Michaił Lermontow był częścią armii i dlatego powinien był wyrażać się niemal stopniem. Ponadto miał wybuchowe usposobienie, można nawet powiedzieć lekkomyślne. W swoich pracach często używał nieprzyzwoitego języka, który następnie usuwano. Ale Lew Nikołajewicz nie zostawił pisemnych dowodów swojej pasji do wulgarnego języka. Ale jego współcześni twierdzili, że Tołstoj nadal był tym sukinsynem.
Jeśli poprzedni klasycy nadal ograniczali się do przyzwoitego społeczeństwa i pozwalali sobie na relaks tylko w bardzo wąskim kręgu, to Bunin, nawiasem mówiąc, laureat Nagrody Nobla i honorowy akademik, uwielbiał bardzo mocno przeklinać. Kiedy raz wypełnił książkę Bloka nieprzyzwoitymi stwierdzeniami i nazwał ją recenzją, innym razem nie rozumiał dowcipu Nabokova i natychmiast przykrył go od stóp do głów. Co więcej, te przypadki nie były czymś niezwykłym, często przeklinał, dużo i ciężko. To zabawne, ale Bunin postanowił przekazać akademii swój słownik nieprzyzwoitych słów po tym, jak otrzymał tytuł honorowego akademika.
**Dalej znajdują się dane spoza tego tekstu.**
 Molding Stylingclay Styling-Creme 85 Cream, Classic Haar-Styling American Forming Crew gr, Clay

Rodzaj wdzięczności z podstępem. Ale jednocześnie sam Bunin zazdrościł Aleksandrowi Kuprinowi, który według jego zapewnień przeklinał po prostu genialnie.
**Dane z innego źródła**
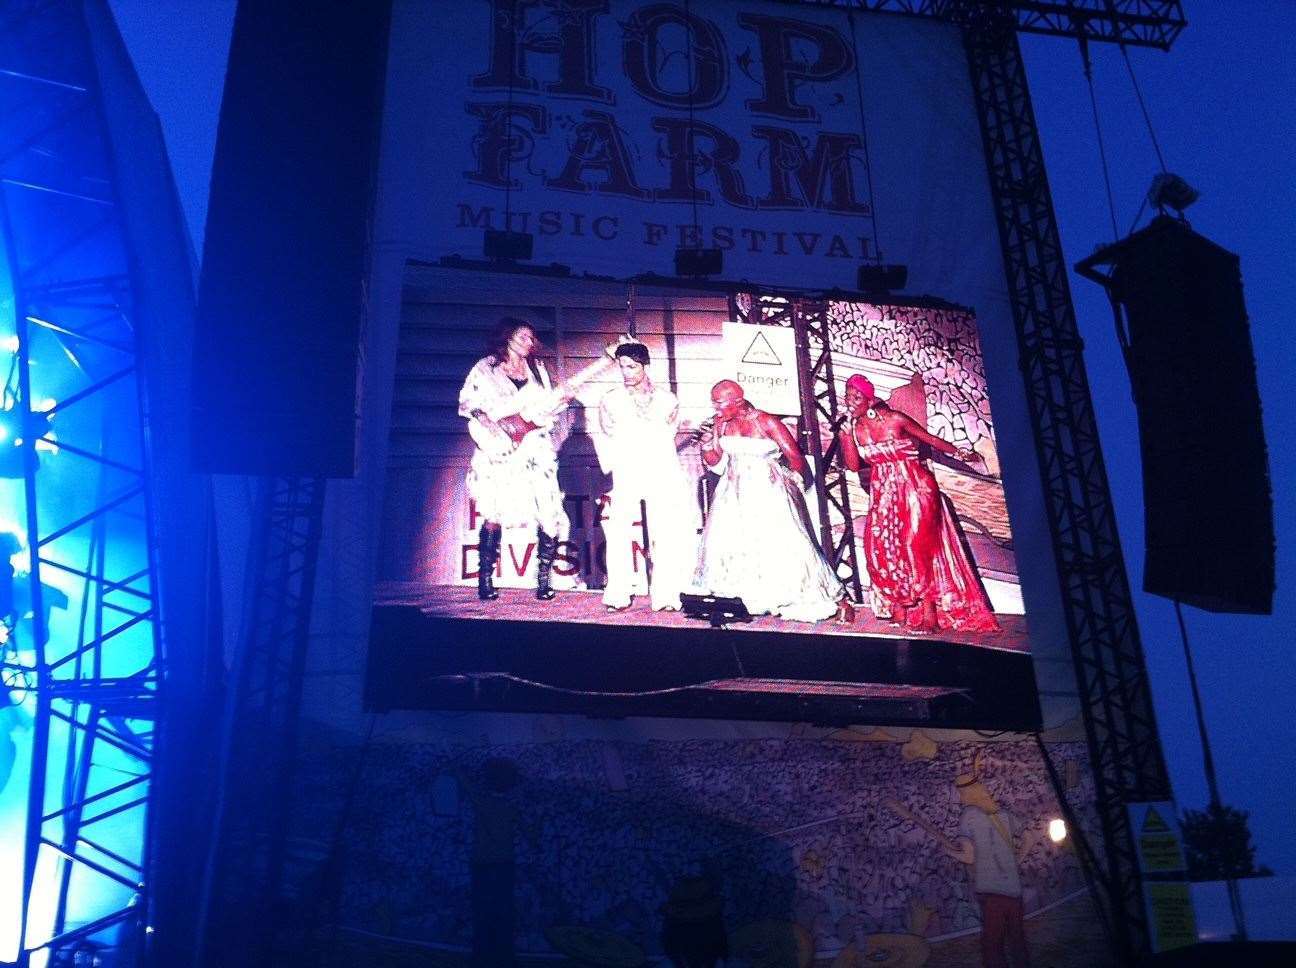 Prince caught on the video screen on the show in 2011

Nie warto nawet mówić o Władimira Majakowskim, bo był miłośnikiem przeklinania nie tylko w życiu, ale także w poezji. Jednak prawie każdy uczeń doskonale zdaje sobie z tego sprawę. Majakowski i Jesienin to chyba najbardziej znane przekleństwa, chociaż historia, jak wspomniano powyżej, znacznie częściej i aktywniej zna klasyków, którzy używali przekleństw w swoim słowniku.
Z powyższego nasuwa się wniosek, że jeśli tacy mistrzowie literatury nie znaleźli innego sposobu na wyrażanie emocji niż zwracanie się ku obscenom, to cóż możemy powiedzieć o zwykłych ludziach, nie obdarzonych darem literackim i wysokim wyczuciem stylu ?
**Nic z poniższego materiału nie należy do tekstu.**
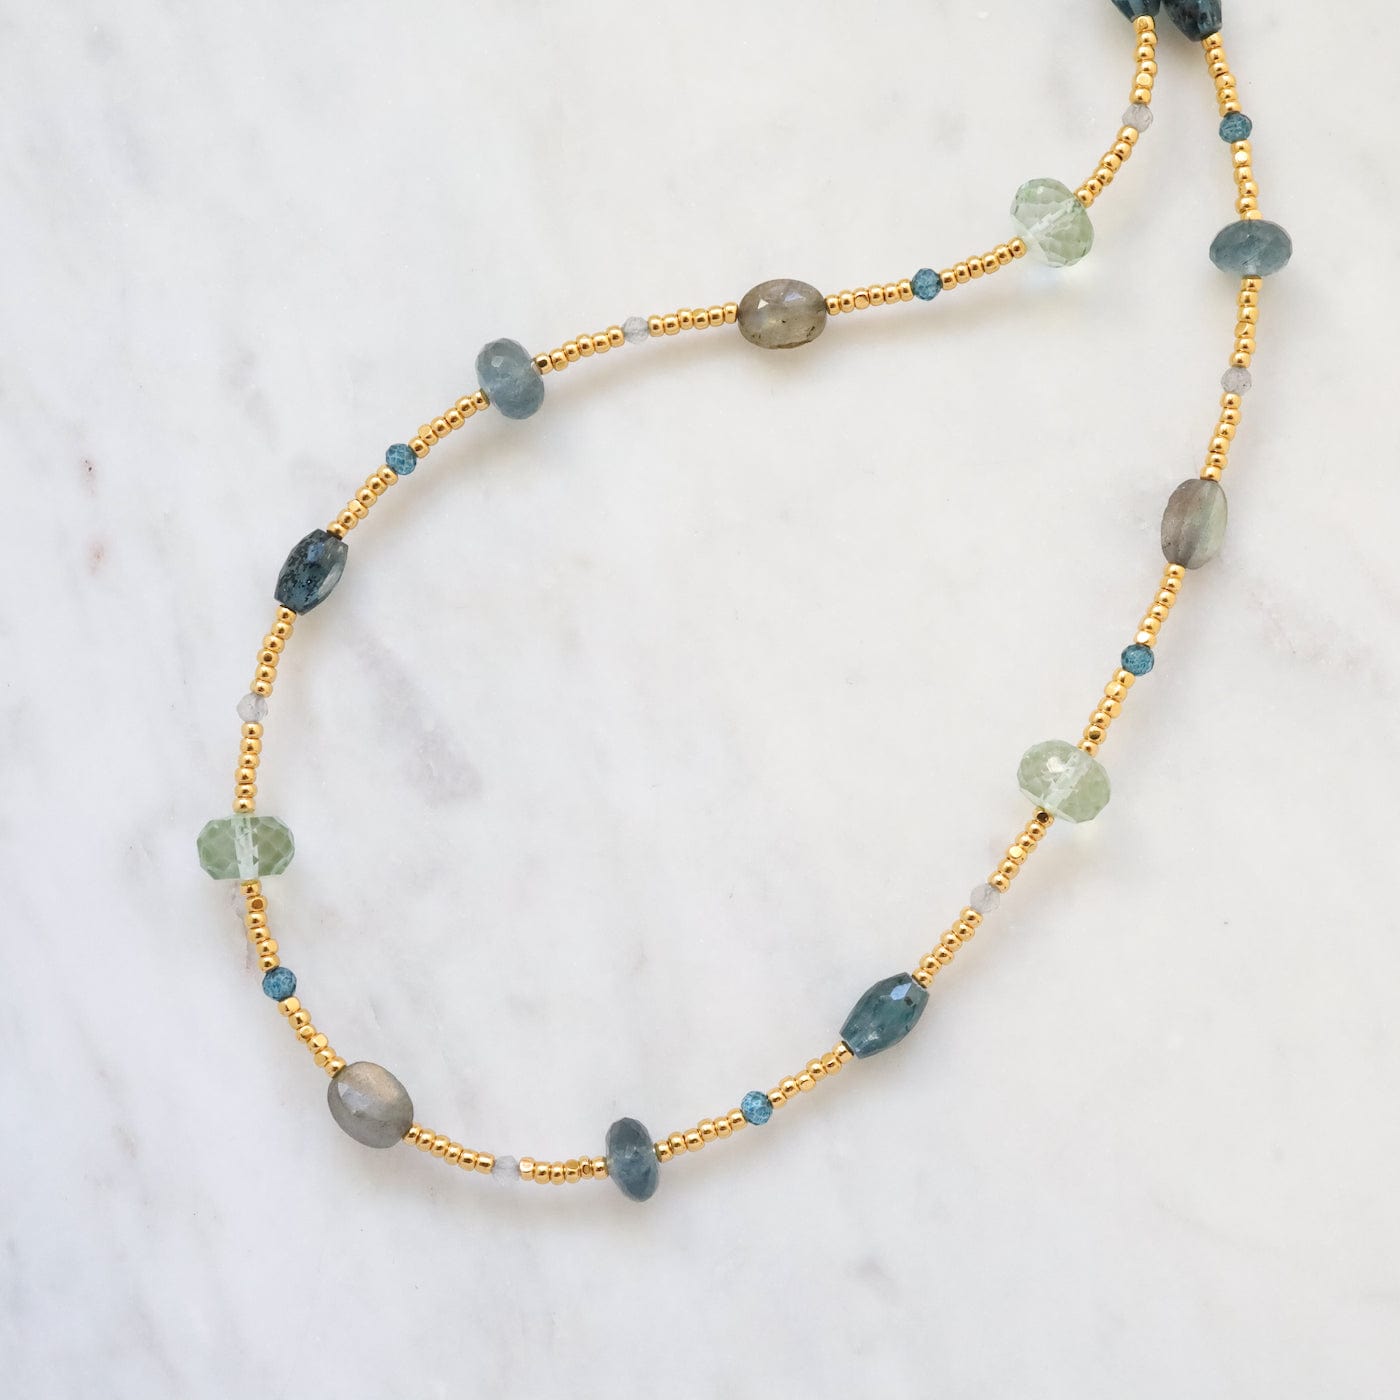 NKL-GF Golden glass Dotted with Labradorite Necklace

Dlaczego teraz nie przeklinają, ale rozmawiają na macie?
Pomimo tego, że w czasach sowieckich przeklinanie było aktywnie używane w mowie potocznej, w żadnej formie, ani w zawoalowanej, ani w „pip”, nie znaleziono w gazetach ani w telewizji. Po upadku kraju przekleństwa zaczęły przenikać do fikcji, a chodziło o przenikanie przez cenzurę. Współcześni filolodzy przytaczają kilka powodów, dla których mata jest tak aktywnie wykorzystywana w dzisiejszych czasach i jest postrzegana jako norma nawet w przestrzeni medialnej.
• Spadek ogólnego poziomu kultury native speakerów. Być może nie tylko najbardziej oczywisty, ale i najsmutniejszy powód. Przecież zasada Puszkina „czym jest firma, taka rozmowa” jasno pokazuje, że firma jest teraz po prostu „taka”. • Wzrost agresji w społeczeństwie, każde niezadowolenie społeczne może prowokować takie zachowania. Tutaj już mówimy o problemach o skali krajowej. Freud posiada zdanie, że pierwszą osobą, która rzuciła klątwę zamiast kamienia, był twórca cywilizacji, a to tylko potwierdza fakt, że nadużycia są sposobem na wyjście z nagromadzonej agresji. • Nie pomijaj masowego wykorzystania technologii w życiu codziennym, teraz każdy może wejść do sieci i pozostawić tam swój kulturowy ślad. To może tylko zmienić sytuację, biorąc pod uwagę, że ostatecznie wszystko to jest postrzegane jako przestrzeń medialna. Ponadto Internet naciska na ujawnienie ciemnych stron osoby ze względu na możliwość anonimowości i bezkarności, dzięki stosowaniu pseudonimów i fałszywych kont. I w ogóle siedzenie w domu na kanapie, coraz bardziej zdecydowane i odważne.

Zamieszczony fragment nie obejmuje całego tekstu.